В классе воцарилась тяжёлая тишина – Яринка задела запретную тему. Разумеется, преподаватели и воспитатели знали грехи наших родителей, знали и по какой причине оказался в приюте тот или иной ребёнок, но никогда не говорили об этом. Старательно делали вид, что приют – обычная школа, а дети в нём – обычные дети. Напоминать себе, что у этих детей нет будущего, взрослые избегали.
А Яринка напомнила.
Варвара Петровна суетливо сняла очки, глянула поверх голов, кашлянула.
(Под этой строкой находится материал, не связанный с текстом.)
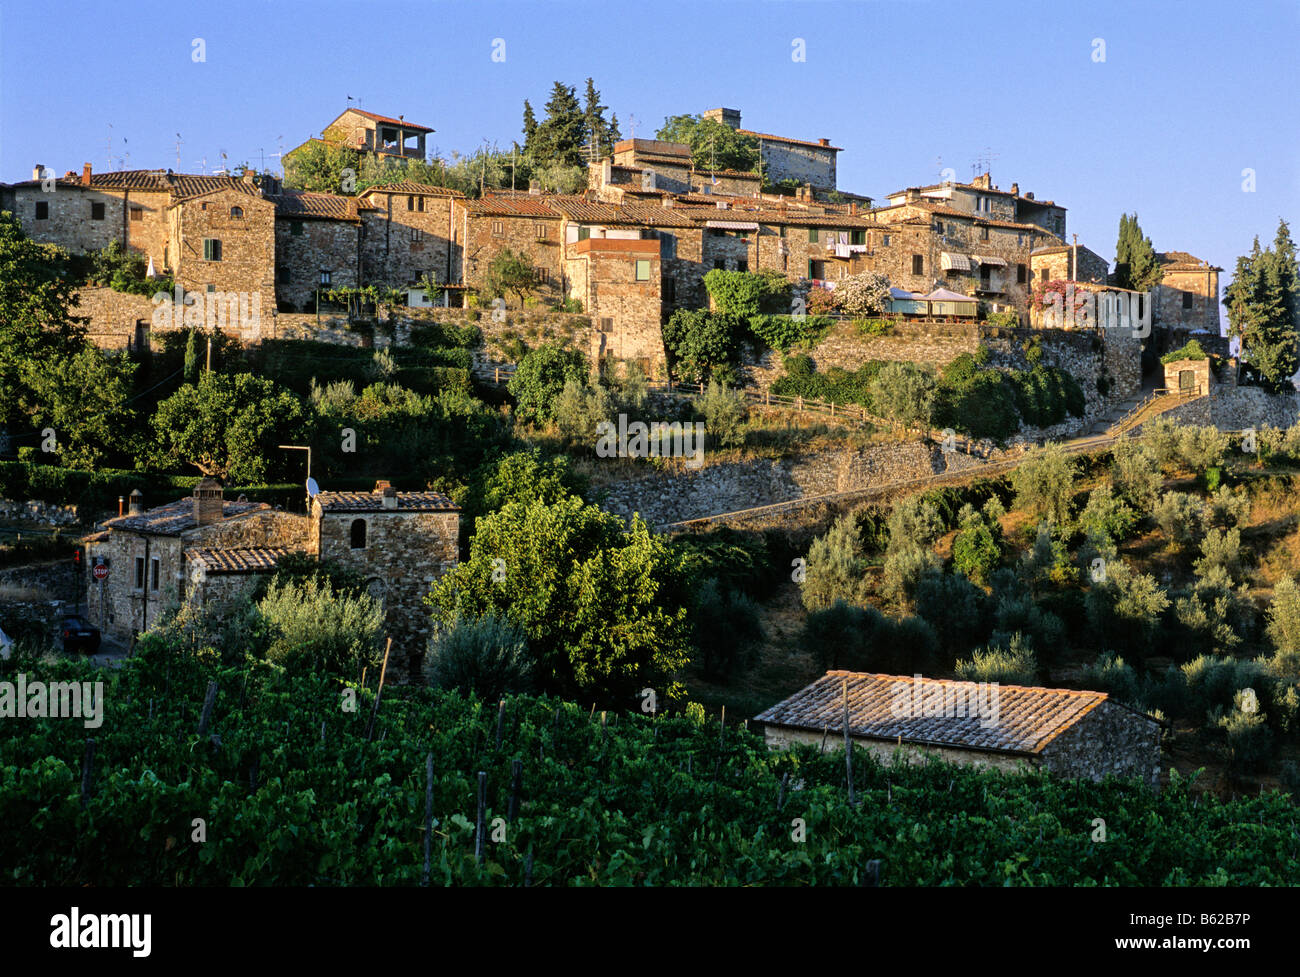 Wine producing village of Montefioralle, Chianti, Province of Florence or Firenze, Tuscany, Italy, Europe Stock Photo
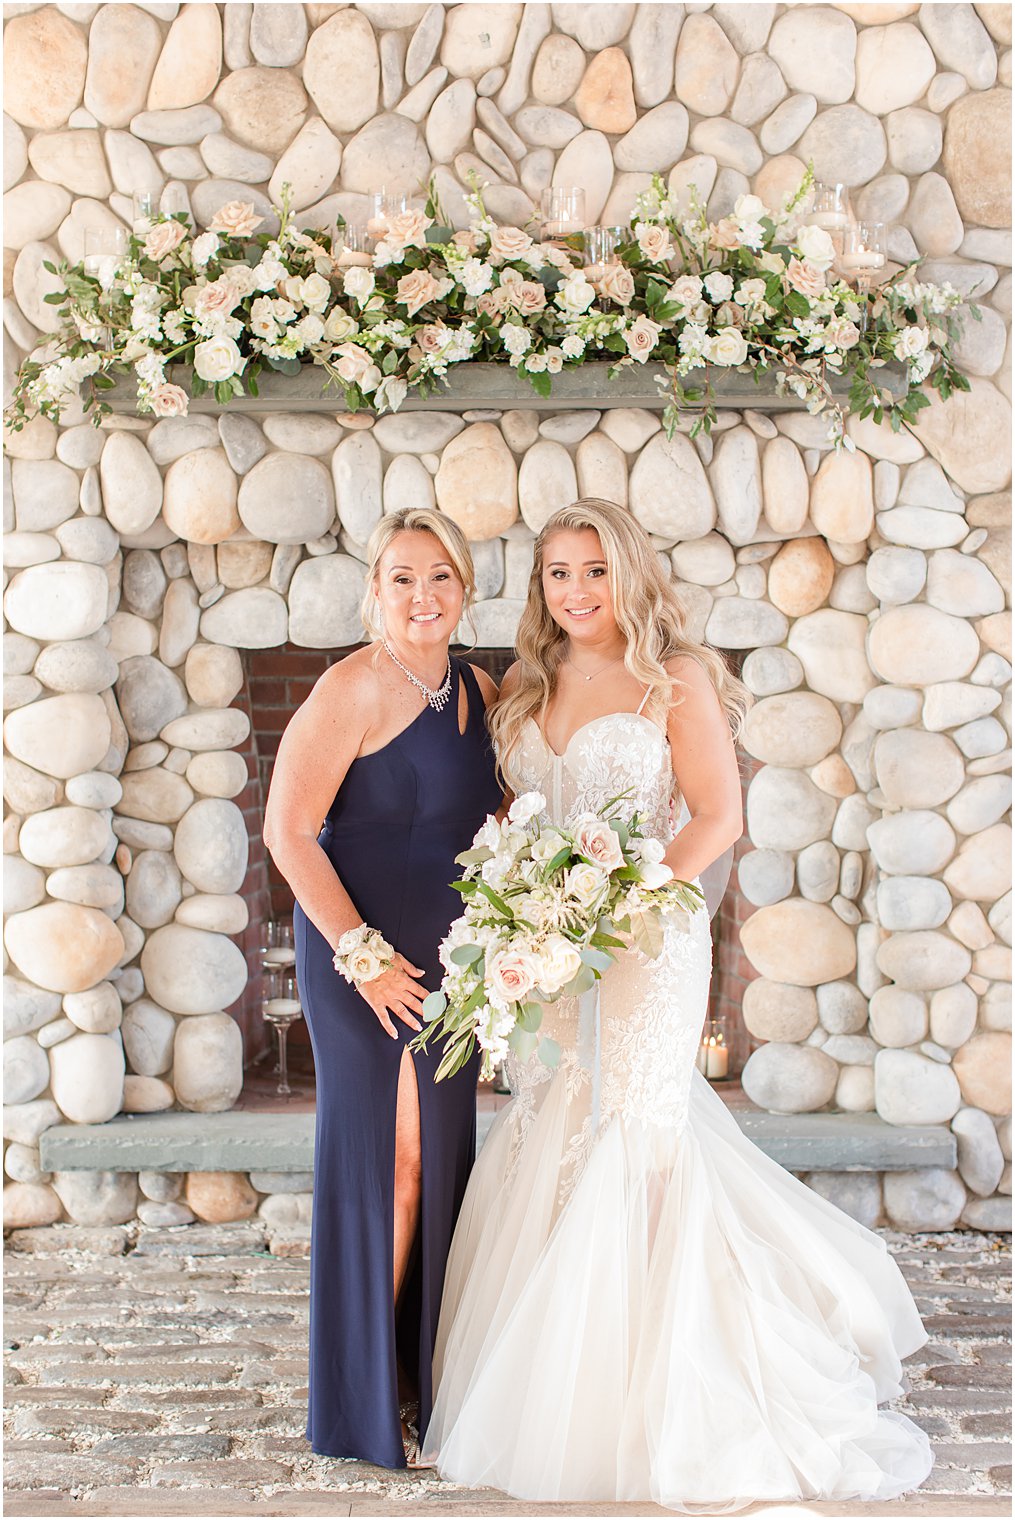 Bride with her mom on wedding day by stone fireplace

– Не нужно так думать, – даже голос преподавательницы стал другим, почти виноватым, – Бог милостив, всегда стоит надеяться на лучшее.
– Надейся на лучшее, готовься к худшему, – дерзко парировала Яринка.
Очки вернулись на нос Варвары Петровны, и сквозь них она строго взглянула на мою подругу.
– Пути Господни неисповедимы. Не впадай в грех гордыни, считая, что можешь знать что-то наперёд. И раз уж мы заговорили об этом, то в интересах каждой из вас, учиться как можно лучше. Прилежной, кропотливой, и хозяйственной девушке прощаются многие недостатки. И мой учительский долг – дать вам как можно больше знаний и умений. Поэтому! – Варвара Петровна повысила голос, заметив, что Яринка собирается что-то возразить, – Поэтому, Ярина, учитывая твой запущенный случай, я считаю, что нам не стоит откладывать его исправление до понедельника. Сегодня вечером после полдника жду тебя здесь на дополнительное занятие. Так же не будем делать исключение для субботы и воскресенья.
– Ну чего ты умничать начала? – выговаривала я подруге на перемене, – Кто тебя за язык тянул? Теперь Варвара от тебя не отвяжется, пока не будешь шить и вязать, как… как… да как она сама!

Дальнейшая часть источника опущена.